### Task instructions
Please copy each line in the records below that contains the string "Women".

::: Provided records

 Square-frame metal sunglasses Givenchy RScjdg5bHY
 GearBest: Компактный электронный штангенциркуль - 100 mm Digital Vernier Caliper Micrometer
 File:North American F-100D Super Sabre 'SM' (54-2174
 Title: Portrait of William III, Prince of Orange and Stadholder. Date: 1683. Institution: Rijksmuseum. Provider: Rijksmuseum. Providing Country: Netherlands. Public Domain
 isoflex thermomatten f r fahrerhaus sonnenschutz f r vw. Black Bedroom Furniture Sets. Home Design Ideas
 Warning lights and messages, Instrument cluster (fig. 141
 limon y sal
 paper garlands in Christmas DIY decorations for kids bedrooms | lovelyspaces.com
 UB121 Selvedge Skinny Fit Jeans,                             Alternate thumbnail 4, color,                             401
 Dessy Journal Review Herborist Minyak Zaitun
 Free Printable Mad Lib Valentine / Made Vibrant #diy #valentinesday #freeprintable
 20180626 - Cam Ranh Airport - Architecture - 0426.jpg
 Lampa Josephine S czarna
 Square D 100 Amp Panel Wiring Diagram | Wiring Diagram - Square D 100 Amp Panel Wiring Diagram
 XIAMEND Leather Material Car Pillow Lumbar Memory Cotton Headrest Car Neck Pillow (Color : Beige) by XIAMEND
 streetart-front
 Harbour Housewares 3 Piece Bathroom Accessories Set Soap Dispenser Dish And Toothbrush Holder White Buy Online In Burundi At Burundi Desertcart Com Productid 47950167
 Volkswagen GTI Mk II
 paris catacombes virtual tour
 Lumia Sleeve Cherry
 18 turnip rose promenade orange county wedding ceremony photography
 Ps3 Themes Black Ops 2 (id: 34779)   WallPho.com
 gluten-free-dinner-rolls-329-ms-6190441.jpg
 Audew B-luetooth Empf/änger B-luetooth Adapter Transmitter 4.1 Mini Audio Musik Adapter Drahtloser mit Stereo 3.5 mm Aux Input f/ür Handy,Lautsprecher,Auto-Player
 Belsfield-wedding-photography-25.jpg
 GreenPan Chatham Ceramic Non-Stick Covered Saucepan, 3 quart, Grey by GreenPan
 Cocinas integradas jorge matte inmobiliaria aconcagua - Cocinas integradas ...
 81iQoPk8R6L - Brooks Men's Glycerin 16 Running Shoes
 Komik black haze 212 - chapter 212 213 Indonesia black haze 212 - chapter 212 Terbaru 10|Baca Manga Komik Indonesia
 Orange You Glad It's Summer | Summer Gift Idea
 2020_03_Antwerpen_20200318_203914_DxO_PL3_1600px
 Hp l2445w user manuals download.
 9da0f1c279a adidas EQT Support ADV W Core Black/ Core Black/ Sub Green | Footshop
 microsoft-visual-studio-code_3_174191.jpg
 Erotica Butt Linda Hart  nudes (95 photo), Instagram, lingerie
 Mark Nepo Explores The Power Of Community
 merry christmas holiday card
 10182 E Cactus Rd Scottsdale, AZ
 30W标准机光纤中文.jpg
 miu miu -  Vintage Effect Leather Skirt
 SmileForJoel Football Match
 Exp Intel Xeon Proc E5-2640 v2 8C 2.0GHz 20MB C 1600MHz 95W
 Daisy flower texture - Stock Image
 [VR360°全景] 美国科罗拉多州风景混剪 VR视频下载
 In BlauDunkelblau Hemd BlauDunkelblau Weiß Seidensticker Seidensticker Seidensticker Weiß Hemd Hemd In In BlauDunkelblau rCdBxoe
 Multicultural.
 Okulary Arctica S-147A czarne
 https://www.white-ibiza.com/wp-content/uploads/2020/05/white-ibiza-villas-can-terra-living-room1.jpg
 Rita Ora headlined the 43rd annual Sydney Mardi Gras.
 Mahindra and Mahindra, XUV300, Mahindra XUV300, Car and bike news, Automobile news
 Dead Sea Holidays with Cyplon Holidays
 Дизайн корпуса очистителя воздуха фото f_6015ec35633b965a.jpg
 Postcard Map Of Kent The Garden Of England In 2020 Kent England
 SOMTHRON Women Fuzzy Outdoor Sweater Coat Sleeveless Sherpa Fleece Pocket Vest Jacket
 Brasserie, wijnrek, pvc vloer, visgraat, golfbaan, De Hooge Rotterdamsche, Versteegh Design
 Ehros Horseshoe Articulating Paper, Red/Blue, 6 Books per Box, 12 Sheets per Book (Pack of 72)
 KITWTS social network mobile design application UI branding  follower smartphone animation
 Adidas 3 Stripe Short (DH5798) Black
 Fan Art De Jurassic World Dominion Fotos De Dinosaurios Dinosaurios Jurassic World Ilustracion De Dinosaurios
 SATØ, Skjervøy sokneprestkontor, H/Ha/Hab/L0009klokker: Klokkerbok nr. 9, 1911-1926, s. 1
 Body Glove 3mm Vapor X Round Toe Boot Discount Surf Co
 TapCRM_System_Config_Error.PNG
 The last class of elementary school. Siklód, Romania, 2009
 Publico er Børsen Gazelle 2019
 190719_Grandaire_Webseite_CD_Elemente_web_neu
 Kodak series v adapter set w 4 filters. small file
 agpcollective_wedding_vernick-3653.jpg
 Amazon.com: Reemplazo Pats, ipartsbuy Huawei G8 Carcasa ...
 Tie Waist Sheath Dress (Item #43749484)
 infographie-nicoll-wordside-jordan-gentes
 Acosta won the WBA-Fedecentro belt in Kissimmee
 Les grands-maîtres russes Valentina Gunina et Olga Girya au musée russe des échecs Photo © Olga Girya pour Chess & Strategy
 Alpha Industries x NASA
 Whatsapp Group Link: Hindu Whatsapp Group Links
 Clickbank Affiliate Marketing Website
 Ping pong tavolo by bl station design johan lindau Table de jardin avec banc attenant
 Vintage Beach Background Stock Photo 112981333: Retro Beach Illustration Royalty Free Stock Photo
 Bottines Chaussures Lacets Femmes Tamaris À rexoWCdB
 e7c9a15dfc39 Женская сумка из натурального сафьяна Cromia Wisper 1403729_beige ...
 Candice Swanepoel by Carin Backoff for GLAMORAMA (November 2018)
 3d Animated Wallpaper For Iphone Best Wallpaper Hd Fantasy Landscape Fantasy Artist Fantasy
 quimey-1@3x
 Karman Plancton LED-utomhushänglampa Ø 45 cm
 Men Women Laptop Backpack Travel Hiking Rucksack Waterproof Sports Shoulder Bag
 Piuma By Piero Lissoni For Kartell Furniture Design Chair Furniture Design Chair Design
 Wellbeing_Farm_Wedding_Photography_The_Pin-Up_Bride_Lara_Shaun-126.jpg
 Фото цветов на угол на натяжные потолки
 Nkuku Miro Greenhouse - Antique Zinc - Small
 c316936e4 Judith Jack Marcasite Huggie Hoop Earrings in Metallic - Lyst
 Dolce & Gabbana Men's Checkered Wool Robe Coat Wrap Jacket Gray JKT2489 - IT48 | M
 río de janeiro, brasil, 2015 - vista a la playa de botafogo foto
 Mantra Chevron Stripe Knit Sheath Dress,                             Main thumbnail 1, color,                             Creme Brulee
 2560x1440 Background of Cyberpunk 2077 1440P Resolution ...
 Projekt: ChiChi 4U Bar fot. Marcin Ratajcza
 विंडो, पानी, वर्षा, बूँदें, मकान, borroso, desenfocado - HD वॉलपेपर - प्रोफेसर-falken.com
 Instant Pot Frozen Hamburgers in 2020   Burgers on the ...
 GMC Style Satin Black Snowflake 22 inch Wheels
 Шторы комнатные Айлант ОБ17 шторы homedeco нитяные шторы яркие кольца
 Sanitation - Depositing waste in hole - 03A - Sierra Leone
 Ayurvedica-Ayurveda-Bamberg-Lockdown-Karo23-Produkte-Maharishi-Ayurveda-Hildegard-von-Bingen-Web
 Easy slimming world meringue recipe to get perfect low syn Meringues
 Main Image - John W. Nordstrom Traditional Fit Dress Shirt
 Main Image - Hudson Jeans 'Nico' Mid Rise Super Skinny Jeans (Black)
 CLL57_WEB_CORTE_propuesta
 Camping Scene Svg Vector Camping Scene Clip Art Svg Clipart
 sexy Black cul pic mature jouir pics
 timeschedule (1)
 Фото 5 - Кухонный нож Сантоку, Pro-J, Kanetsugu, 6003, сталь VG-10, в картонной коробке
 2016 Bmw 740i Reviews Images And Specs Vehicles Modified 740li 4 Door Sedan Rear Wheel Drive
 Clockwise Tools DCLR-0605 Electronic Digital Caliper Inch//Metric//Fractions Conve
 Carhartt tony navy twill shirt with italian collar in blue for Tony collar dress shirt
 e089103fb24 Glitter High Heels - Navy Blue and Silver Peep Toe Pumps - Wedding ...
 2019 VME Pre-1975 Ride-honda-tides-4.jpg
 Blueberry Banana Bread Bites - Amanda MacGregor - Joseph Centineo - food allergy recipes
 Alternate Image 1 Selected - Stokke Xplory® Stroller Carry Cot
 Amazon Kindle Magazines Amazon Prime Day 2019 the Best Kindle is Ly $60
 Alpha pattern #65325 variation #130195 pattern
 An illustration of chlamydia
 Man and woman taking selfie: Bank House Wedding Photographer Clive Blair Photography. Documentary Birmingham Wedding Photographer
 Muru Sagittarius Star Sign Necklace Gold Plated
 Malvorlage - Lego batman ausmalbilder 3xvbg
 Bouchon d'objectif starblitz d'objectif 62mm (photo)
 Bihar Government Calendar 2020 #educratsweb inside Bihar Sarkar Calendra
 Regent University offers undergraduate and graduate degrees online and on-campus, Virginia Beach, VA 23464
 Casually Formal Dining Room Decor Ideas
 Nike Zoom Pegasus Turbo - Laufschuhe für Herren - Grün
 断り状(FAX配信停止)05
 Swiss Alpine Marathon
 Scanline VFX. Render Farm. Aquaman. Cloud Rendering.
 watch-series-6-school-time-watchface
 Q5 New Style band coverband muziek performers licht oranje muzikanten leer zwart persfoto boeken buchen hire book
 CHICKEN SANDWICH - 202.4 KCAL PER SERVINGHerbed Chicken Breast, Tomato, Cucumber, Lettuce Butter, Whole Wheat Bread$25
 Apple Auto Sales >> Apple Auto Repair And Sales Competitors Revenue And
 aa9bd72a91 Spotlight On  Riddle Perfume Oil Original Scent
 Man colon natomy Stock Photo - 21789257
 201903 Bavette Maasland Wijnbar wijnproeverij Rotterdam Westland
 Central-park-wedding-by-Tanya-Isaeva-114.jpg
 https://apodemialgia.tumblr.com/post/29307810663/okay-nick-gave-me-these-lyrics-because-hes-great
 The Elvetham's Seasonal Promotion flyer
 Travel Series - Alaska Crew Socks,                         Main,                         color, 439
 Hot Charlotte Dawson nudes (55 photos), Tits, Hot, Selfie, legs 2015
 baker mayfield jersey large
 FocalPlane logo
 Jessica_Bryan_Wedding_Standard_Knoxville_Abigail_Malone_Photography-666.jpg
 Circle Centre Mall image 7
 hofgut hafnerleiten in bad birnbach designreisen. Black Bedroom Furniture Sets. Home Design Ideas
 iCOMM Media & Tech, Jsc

::::::

### Response for this exercise
 SOMTHRON Women Fuzzy Outdoor Sweater Coat Sleeveless Sherpa Fleece Pocket Vest Jacket
 Men Women Laptop Backpack Travel Hiking Rucksack Waterproof Sports Shoulder Bag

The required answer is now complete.